> **TASK DESCRIPTION**: Would you output, exactly as written, the line with "Enchanting Travels Italy" and all lines after it to the end of the data below, and no others?
### INPUT RECORDS ###
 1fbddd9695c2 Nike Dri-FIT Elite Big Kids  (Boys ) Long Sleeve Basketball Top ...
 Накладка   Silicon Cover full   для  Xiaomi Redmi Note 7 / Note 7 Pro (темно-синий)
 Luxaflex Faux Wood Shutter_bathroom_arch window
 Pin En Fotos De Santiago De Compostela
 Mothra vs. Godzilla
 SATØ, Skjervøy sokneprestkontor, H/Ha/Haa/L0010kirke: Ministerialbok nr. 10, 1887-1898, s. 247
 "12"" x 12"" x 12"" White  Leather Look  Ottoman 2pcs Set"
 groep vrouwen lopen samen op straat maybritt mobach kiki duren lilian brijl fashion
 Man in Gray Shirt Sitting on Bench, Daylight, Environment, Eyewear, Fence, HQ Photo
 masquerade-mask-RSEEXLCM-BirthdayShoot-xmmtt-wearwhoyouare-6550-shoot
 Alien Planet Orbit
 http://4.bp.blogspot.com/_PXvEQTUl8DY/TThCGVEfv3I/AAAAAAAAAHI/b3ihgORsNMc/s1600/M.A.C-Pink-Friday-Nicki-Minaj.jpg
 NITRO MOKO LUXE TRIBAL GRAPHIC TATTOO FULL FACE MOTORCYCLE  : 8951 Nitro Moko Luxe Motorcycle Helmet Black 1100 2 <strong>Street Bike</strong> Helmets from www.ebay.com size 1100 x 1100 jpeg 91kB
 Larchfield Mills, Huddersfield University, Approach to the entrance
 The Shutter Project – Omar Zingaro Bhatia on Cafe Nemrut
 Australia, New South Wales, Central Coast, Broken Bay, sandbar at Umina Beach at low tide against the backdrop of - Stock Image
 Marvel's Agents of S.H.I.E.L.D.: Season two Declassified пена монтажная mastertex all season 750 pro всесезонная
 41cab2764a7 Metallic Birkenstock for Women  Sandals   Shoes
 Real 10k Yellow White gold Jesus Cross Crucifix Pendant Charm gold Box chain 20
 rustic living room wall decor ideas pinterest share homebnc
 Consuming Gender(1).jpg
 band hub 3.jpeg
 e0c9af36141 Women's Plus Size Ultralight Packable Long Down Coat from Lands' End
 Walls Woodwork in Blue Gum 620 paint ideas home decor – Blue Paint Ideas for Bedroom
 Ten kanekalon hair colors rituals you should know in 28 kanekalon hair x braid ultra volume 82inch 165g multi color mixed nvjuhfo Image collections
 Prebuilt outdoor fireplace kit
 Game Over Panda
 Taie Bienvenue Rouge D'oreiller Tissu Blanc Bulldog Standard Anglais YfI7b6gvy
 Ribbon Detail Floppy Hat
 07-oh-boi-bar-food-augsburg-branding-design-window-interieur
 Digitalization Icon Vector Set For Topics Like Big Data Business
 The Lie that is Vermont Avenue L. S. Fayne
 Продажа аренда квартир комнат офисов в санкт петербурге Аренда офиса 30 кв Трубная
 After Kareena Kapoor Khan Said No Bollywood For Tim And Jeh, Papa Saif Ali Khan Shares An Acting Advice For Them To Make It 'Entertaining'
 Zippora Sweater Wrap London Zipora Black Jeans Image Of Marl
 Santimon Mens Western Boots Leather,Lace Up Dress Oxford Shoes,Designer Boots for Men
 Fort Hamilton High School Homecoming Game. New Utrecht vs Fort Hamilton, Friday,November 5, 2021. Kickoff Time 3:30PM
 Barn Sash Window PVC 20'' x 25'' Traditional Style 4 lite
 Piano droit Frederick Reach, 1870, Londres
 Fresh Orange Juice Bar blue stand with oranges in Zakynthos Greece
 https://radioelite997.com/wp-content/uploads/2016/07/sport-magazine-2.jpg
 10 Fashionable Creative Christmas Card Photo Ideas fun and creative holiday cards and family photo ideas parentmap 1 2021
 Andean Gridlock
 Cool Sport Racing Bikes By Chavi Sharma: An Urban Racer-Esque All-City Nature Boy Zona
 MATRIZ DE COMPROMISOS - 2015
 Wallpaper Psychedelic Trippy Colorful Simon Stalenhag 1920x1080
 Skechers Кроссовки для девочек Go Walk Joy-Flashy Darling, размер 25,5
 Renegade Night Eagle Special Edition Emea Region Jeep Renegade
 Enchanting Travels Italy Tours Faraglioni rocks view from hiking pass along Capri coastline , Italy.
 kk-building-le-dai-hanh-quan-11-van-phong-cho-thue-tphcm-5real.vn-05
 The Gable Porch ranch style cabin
###
> **YOUR SOLUTION**:
 Enchanting Travels Italy Tours Faraglioni rocks view from hiking pass along Capri coastline , Italy.
 kk-building-le-dai-hanh-quan-11-van-phong-cho-thue-tphcm-5real.vn-05
 The Gable Porch ranch style cabin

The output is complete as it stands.